Но я подозреваю, в конце концов, нет большой разницы, в какую школу вы ходите, в лес или в город. Искренний человек узнает примерно одни и те же вещи в обоих местах. Различия поверхностны, сходства глубоки и многочисленны. Отшельник — это отшельник, а поэт — поэт, вырос ли он в городе или в деревне. Мне принудительно напомнили об этом факте недавно, открыв произведения Чарльза Лэма после того, как я читал произведения нашего Генри Торо. Лэм не заботился о природе, Торо — почти ни о чем другом. Один был так же привязан к городу и жизни улицы и таверны, как другой — к деревне и жизни животных и растений. И все же они близкие родственники. Они издают один и тот же тон и настроены примерно на один и тот же ключ. Их методы одинаковы; так же как их причудливость и презрение к риторике. У Торо более сухой юмор, как и следовало ожидать, и он менее желудочный. В Лэме больше сока и елейности, но этим он обязан своей национальности. Оба — эссеисты, которые в менее рефлексивную эпоху были бы поэтами в чистом виде. Оба были худыми, носатыми людьми, и мне кажется сходство даже в их портретах. Торо — это Лэм полей и лесов Новой Англии, а Лэм — это Торо лондонских улиц и клубов. В Торо была своенравность и извращенность, за которыми он скрывал свою застенчивость и свою тонкую кожу, и был похожий фокус у Лэма, хотя и менее выраженный, из-за его добродушия; это тоже было частью его брони.

VI

Говоря о сухом юморе Торо, вспоминаю, как верно старый английский елейный и сочувственный юмор умирает или умер в нашей литературе. Наш первый заметный урожай авторов имел его — Полдинг, Купер, Ирвинг, и в некоторой степени Готорн, — но наши поздние юмористы не имеют его вовсе, а вместо него — интеллектуальную быстроту и восприятие смешного, которое не лишено презрения.

Один из признаков великого юмориста, как Сервантес, или Стерн, или Скотт, заключается в том, что он подходит к своему предмету не только через голову, но через свое сердце, свою любовь, свою человечность.
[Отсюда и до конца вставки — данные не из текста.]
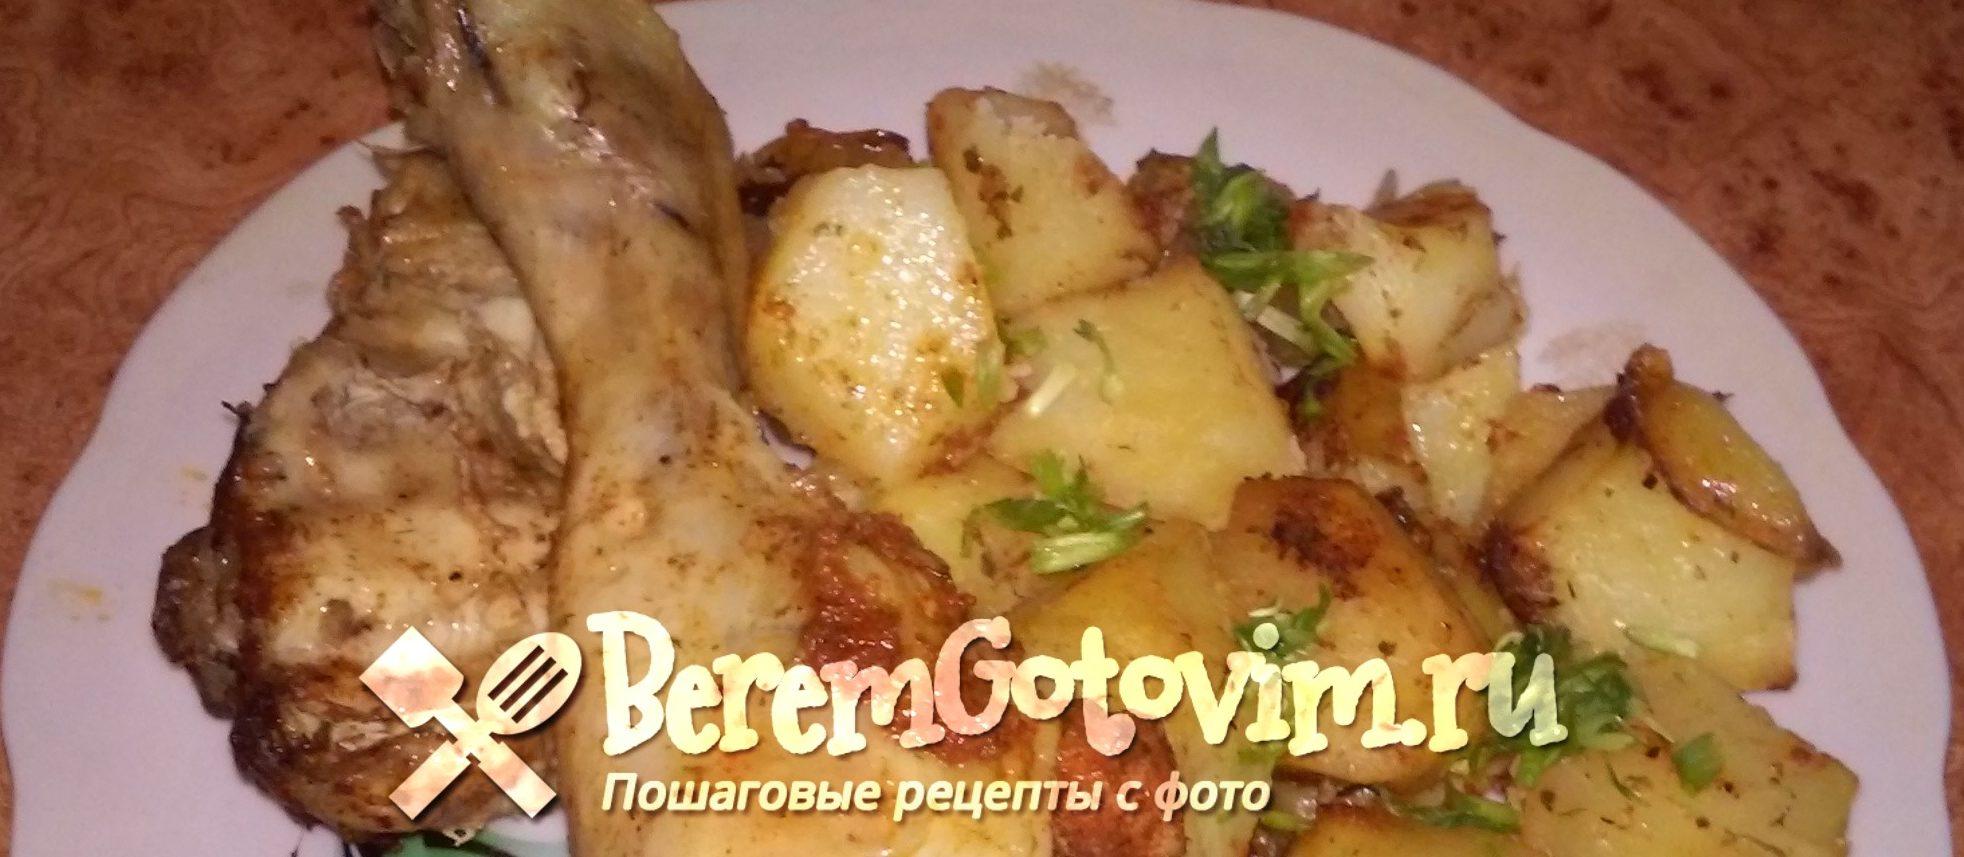 Котлеты из картофеля пошаговое фото

Его юмор полон сострадания, полон молока человеческой доброты и не отделяет его от предмета, а объединяет его с ним жизненными узами. Как Стерн любил дядю Тоби и сочувствовал ему, и Сервантес — своего неудачливого рыцаря! Боюсь, наши юмористы посмеялись бы над ними, выставили бы их напоказ и стояли бы в стороне, превосходящие, и «смеялись бы смехом веселого презрения». Что бы еще ни был или ни делал великий юморист или поэт, или любой художник, в его смехе нет презрения. И на этом пункте нельзя слишком сильно настаивать ввиду того, что почти все наши юмористические писатели кажутся впечатленными убеждением, что их собственное достоинство и самоуважение требуют от них смотреть свысока на то, что они изображают. Но только маленькие люди смотрят свысока на что-либо или говорят свысока с кем-либо. Каждый день видишь, как ясно, что особенно тонкие, деликатные, интеллектуальные люди не могут удовлетворительно изобразить грубых, простых, некультурных персонажей. Их отношение сразу презрительное и высокомерное. Великий человек, как Сократ, или доктор Джонсон, или Авраам Линкольн, так же верно груб, как и тонок, но жалоба, которую я предъявляю нашим юмористам, заключается в том, что они тонки, а не грубы в каком-либо здоровом и мужественном смысле. Большая часть лучшей литературы и лучшего искусства — из жизненных жидкостей, внутренностей, груди, аппетитов, и должна читаться и оцениваться только через любовь и сострадание. Давайте помолимся об елейности, которая является костным мозгом юмора, и о смирении, которое является знаком мужественности.

Поскольку голос американца отступил от его груди к горлу и носовым проходам, существует опасность, что его вклад в литературу скоро перестанет подразумевать какую-либо кровь или внутренности, или здоровую плотскость, или глубину человеческой и мужской привязанности, и будет плодом исключительно нашей высокопарной блестящести и ловкости.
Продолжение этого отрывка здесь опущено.